最初のうちは塞いでも塞いでもすぐに土が崩れてしまうから一日に何度も魔法をかけなおさなきゃいけなかったけど、だんだん土を固くしたりできるようになっていった。

「ララぁ雨漏りしてきたぁ!」
そう言って騒ぐ子がいたから、土魔法で天井もふさいだ。
壁より難しかったけど、これも毎日何度もやってるうちに雨でも崩れない土にすることができた。

そんなことを続けていると、孤児院の近くに住んでる人や森で会う狩人たちからも家の補修とか狩りのお手伝いを頼まれるようになった。
お小遣いをくれると言われたけど、お金じゃなくて文字の読み方とか計算を教えてもらうことにした。
孤児院出身のお兄ちゃんとかお姉ちゃんたちが、文字が読めなくて騙された~って言ってるのを何回も聞いたことがあったから。

そうして文字を覚えたから図書館に行ってみた。
この町には図書館があって、町民はそこで本を好きなだけ読むことができるって聞いたからワクワクしながら行ったら保証金がいるって言われてしまった。
だからそれからはお手伝いをしたらお小遣いをもらうようにして、貯めたお金をもって今度こそ!ってまた図書館に行ったのに、孤児だって伝えたら孤児は町民じゃないからダメだって言われて帰された。

町に住んでるのに孤児は町民じゃないんだって。
この町を管理している領主様のお慈悲で子供のうちはこの町にいることを許されてるだけで、町人になるには大人になったときにお金を払って姓を買うしかないみたい。
ものすごく高いし、それとは別に毎年税金も納めなきゃいけないの。
そんなの無理だよ。
国に所属しない独立した狩人か傭兵か芸人の組織に入れば町に滞在することは許されるらしいから、孤児はほとんど皆そのどれかになるみたい。

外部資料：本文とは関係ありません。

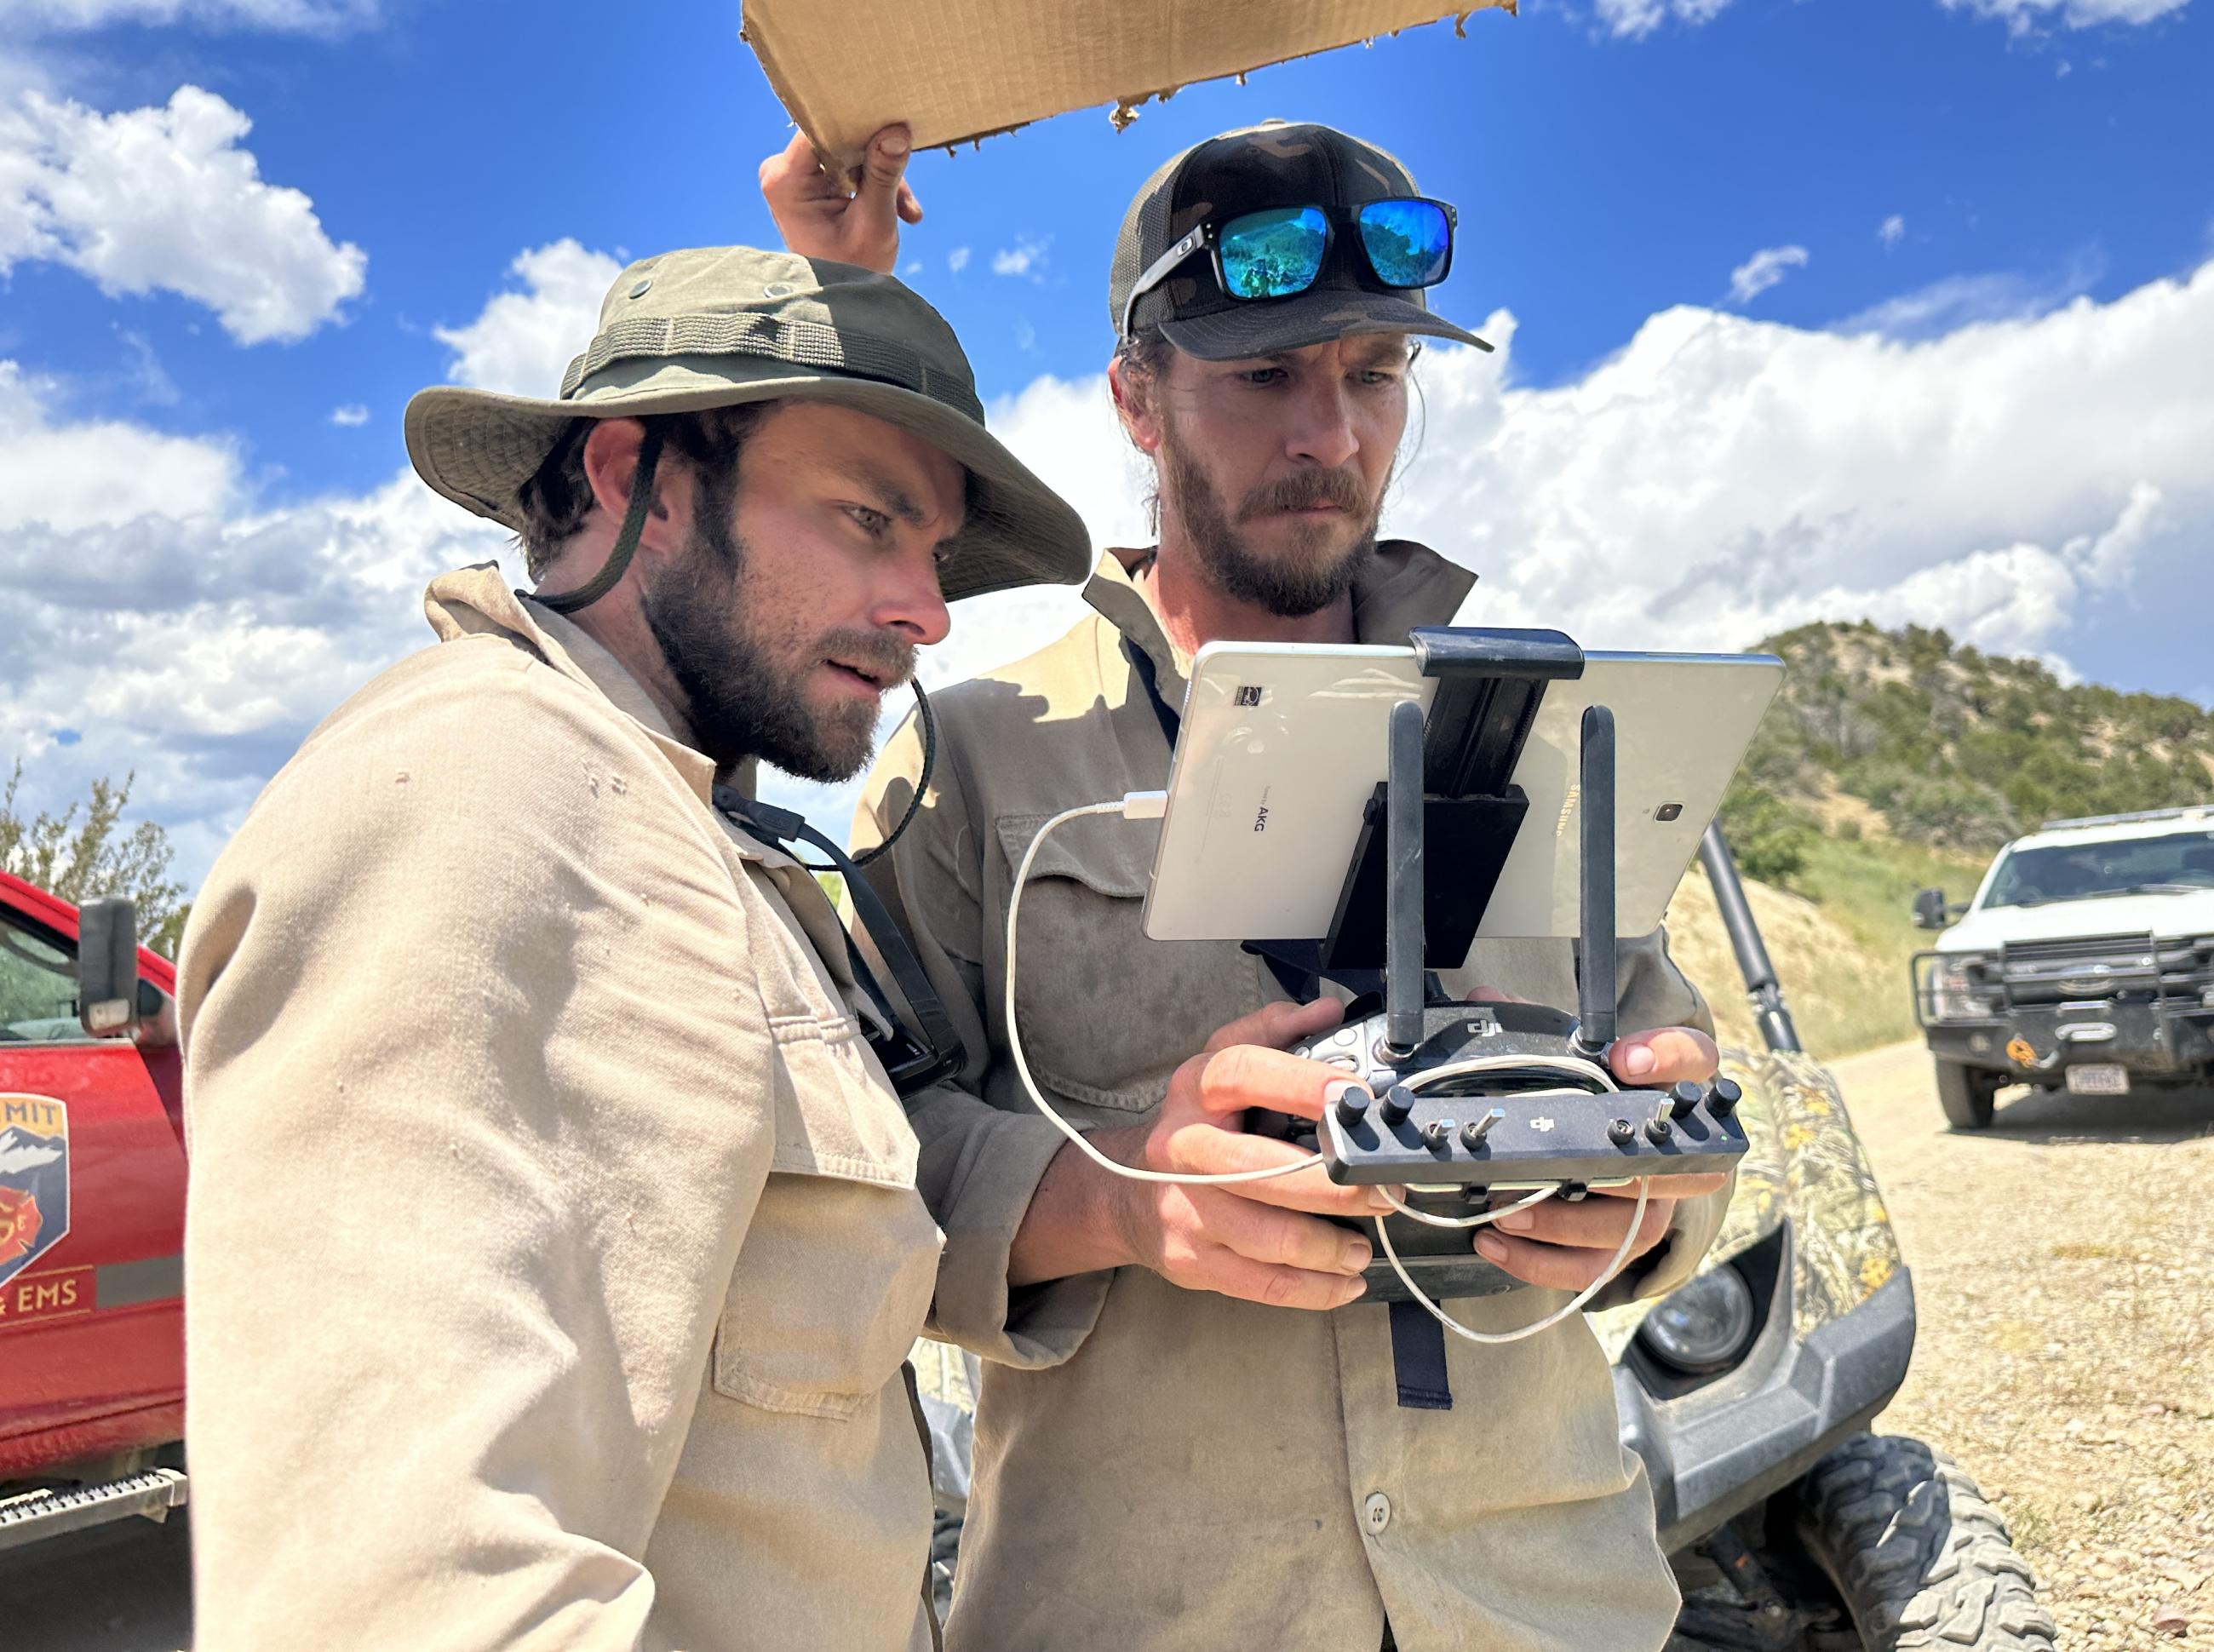 2 men look at a small monitor and controls for drone during firing operation

今の自分の生活を考えれば狩人になるのが良いのかな。それしかないのかなって思ってたら、領主様から呼び出しを受けた。
町の人たちが私のことを話しているのを聞いたから魔法を見せなさい、だって。

だから土魔法で領主様のおうちにある井戸を浚ってみたり、お庭にあったオブジェなどのそっくりさんを作ってみたりしたらすごく褒めてくれて、体を色々検査した後に姓をつけてくれた。
わたし町民になったのよ!

それから本をなんと40冊もくれたの。
2年でこの40冊の内容を全部覚えなさいって言われた。町民になったのに、40冊覚えたら税金も5年間払わなくていいって!領主様すごい!
でも、覚えなかったらまた″ただのララ”に戻されるって聞いたから頑張った。

孤児院の子たちが本にいたずらしようとするから、ガッチガチに硬い土魔法で作った箱に入れていた。
そしたら逆に意地でも開けようとする子もいて大変だった。2年の攻防で、私の土魔法操作はさらに上達したわ。

こうして私はシクラムノ王立学院に入学したの。